The aggregators will return the first or last data point in the downsampling interval. For example, if the downsampling bucket consists of sequences 2, 6, 1, 7, then the first aggregator will return 2 (the original is 1) and the last aggregator will return 7. Note that the aggregator is only useful for downsampling.

Warning:

When is used as an group-by aggregator, the results are uncertain because the time series that are retrieved from storage and saved in memory are sorted from TSD to TSD or from execution to execution.

Min

returns the smallest data point in all time series or time range. This function performs linear interpolation on the sequence of events. It is useful to look at the lower limit of the gauge metric.

Max

, in contrast to min, returns the largest data point in any time series or time range. This function performs linear interpolation on the sequence of events. It is useful to look at the upper limit of the gauge metric.

MimMin

The maximum value with missing minimum function returns only the minimum data points in all time series or time ranges. This function does not perform interpolation, but returns the maximum value of the specified data type if the value is missing. This returns the integer Long.MaxValue or the floating-point value Double.MaxValue. Please refer to the original data type for details. This is useful for looking at the lower bound of gauge metrics.

MimMax

The maximum value when missing maximum function returns only the maximum data points in all time series or time ranges. This function does not perform interpolation, but returns the minimum value of the specified data type if the value is missing. This returns the integer Long.MinValue or the floating-point value Double.MinValue. Please refer to the original data type for details. This is useful for looking at the upper limit of gauge metrics.

None

skips groups through aggregation. This aggregator is useful for getting raw data from storage because it returns a result set for the time series of each matching filter. Note that the query will throw an exception when used with the drop sampler.

Percentiles

calculates various percentages. When used to aggregate multiple sequences, this function performs linear interpolation. The implementation is done through the Apache Math library.

Sum

If downsampled, calculates the sum of all data points in all time series or time ranges. It is the default aggregate function for GUI because it is usually most useful when combining multiple time series, such as gauges or count. When data points cannot be arranged, it performs linear interpolation. If you have values from different sequences and you don't need interpolation when you want to sum, take a look at the zimsum function.

ZimSum

calculates the sum of all data points based on the timestamps specified in all time series or time ranges. This function cannot be interpolated, but instead replaces the missing data point with 0. This is useful when using discrete values.

Aggregator list

calls the HTTP interface / api/aggregators in the HTTP API-enabled TSD, which lists the aggregators implemented by TSD.
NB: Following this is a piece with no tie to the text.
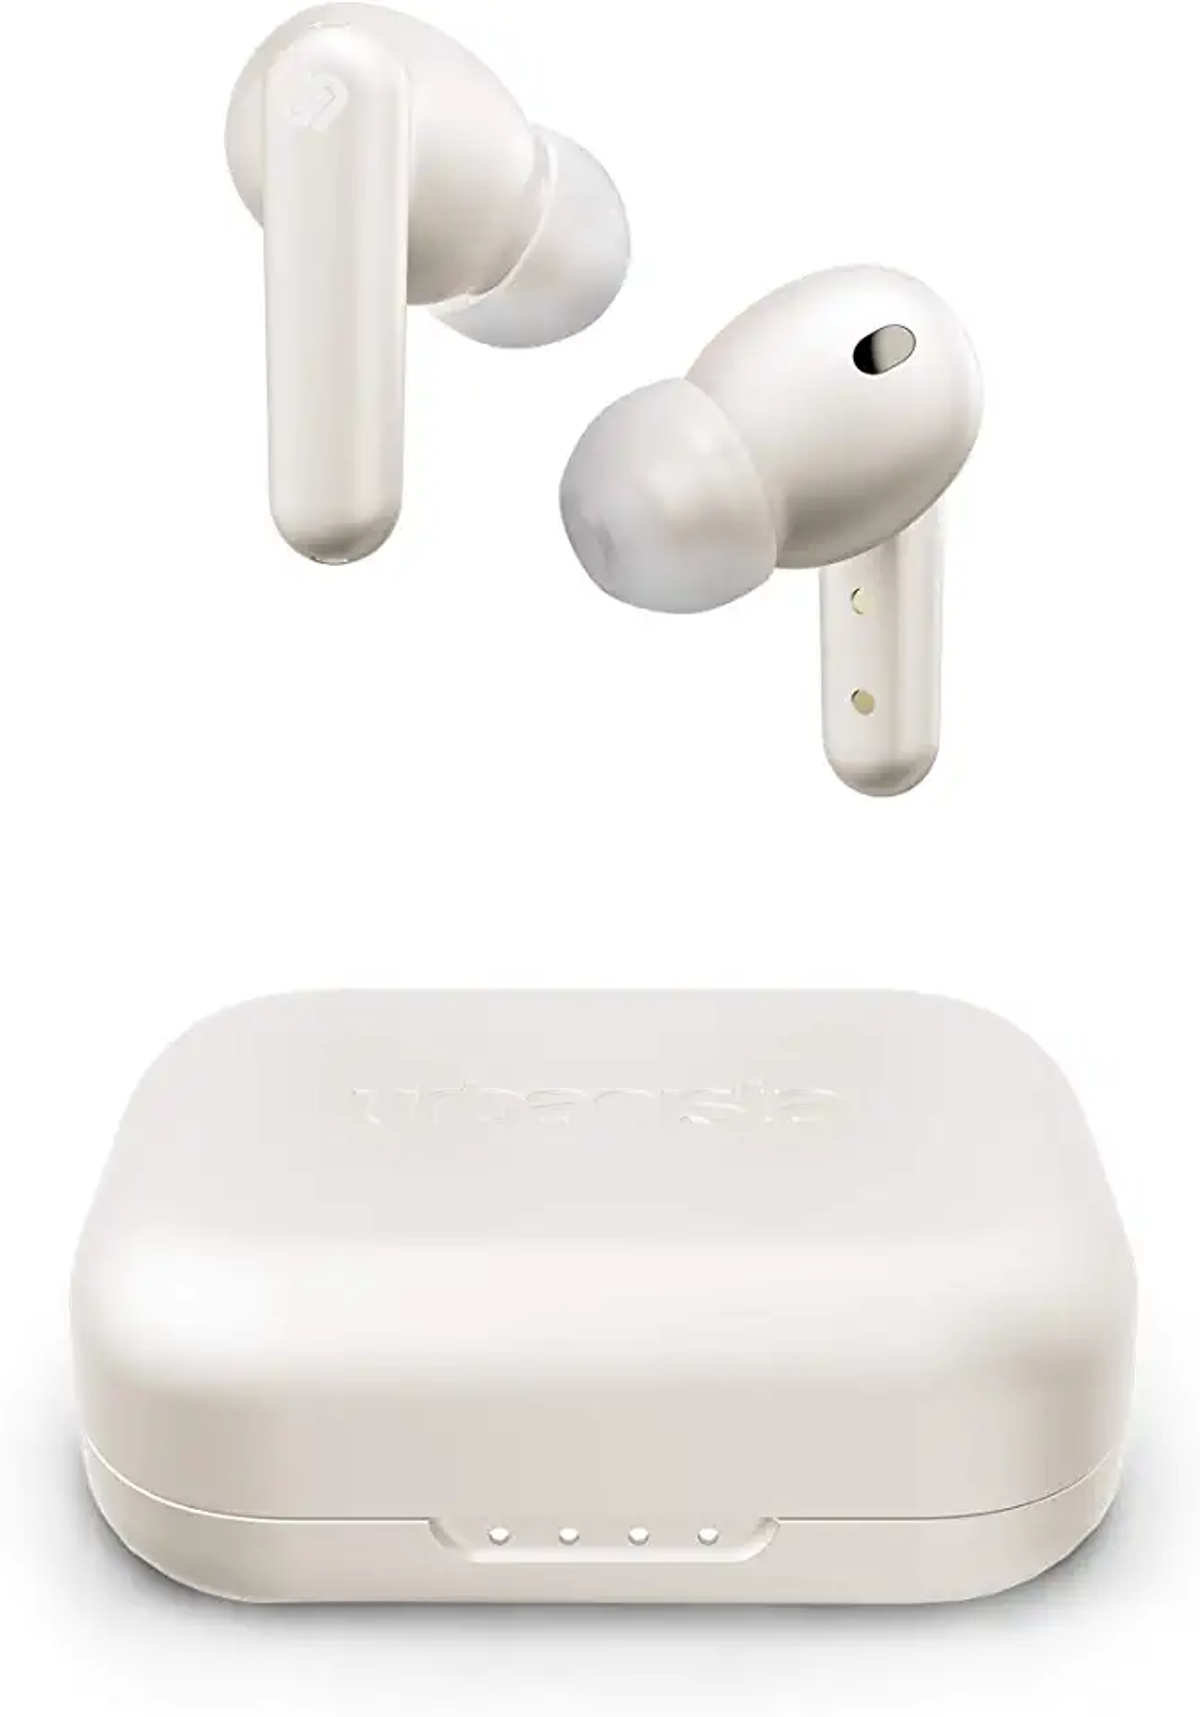 URBANISTA London, In-ear In-Ear Headphones White Bluetooth Wireless - Pearl

Welcome to subscribe "Shulou Technology Information " to get latest news, interesting things and hot topics in the IT industry, and controls the hottest and latest Internet news, technology news and IT industry trends.

*The comments in the above article only represent the author's personal views and do not represent the views and positions of this website. If you have more insights, please feel free to contribute and share.